Swadeshi Indology Conference: Where The Western Claims Fell Silent

Jyotirmaya Tripathy

Jan 07, 2018, 02:33 PM | Updated 02:33 PM IST


Statue of the famous poet of Thirukkural, Thiruvalluvar, in Kanyakumari
Statue of the famous poet of Thirukkural, Thiruvalluvar, in Kanyakumari
  • Swadeshi Indology Conference 2017 was historic as it brought together scholars who sought answers within an integral and organic sense.
  • It was not a whisper, but a movement…
  • The recently concluded Swadeshi Indology Conference in Chennai was historic in more ways than one. For a change, the mainstream media (MSM) did not cry foul as in 2016, maybe because of its realisation that swadeshi is not such a bad word after all, and that there is no point in investing time and energy in manufacturing intellectual dissent, which most Indians do not believe in. In a substantive sense, and outside MSM’s predictable hatred for swadeshi, the third edition of Swadeshi Indology Conference 2017 was not a whisper, but a movement.

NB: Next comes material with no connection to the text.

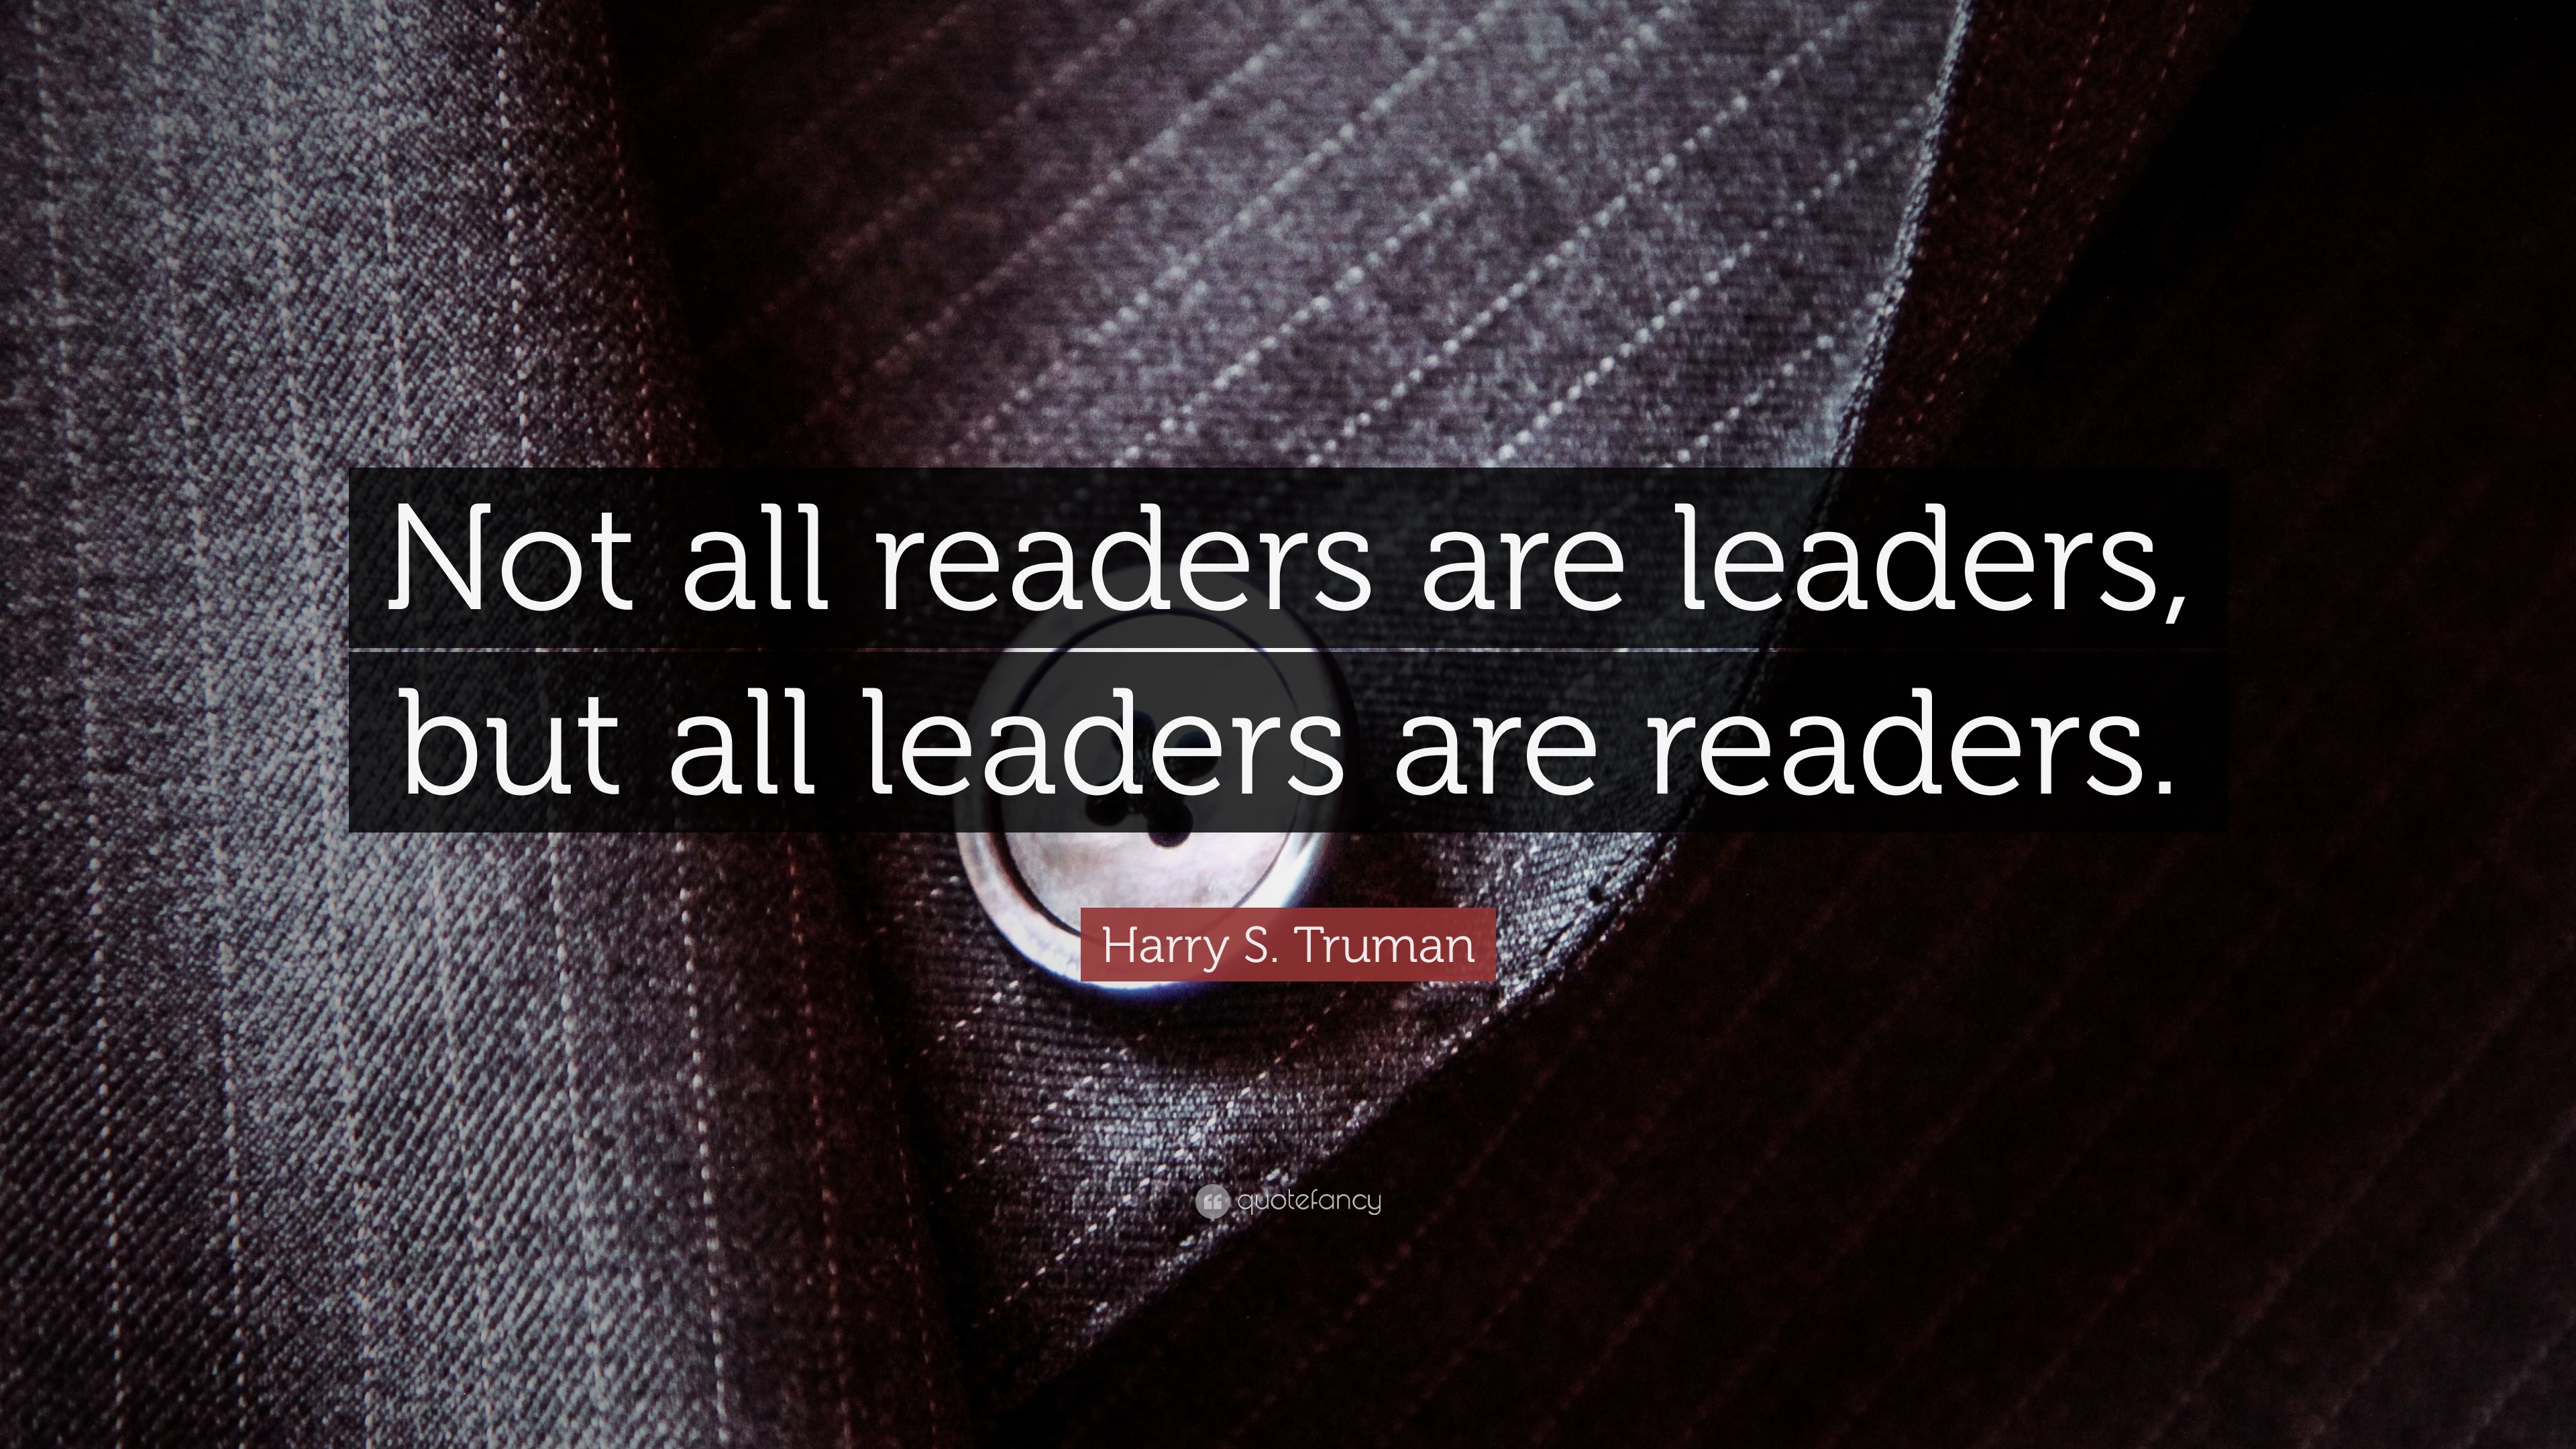 Harry S. Truman Quote: “Not all readers are leaders, but all

    The conference brought together scholars from various parts of the globe who were interested in the topic not in a reductive academic sense, which often produces knowledge about India through a subject-object binary as in Western Indology, but in an integral and organic sense. The paper presenters did not have to use repetitive Western theoretical chicanery, the hallmark of many academic conferences, where box-office intellectuals/academics meet and sustain a mutual admiration society. Here the topics of research were the researchers’ way of life; the researchers lived their research.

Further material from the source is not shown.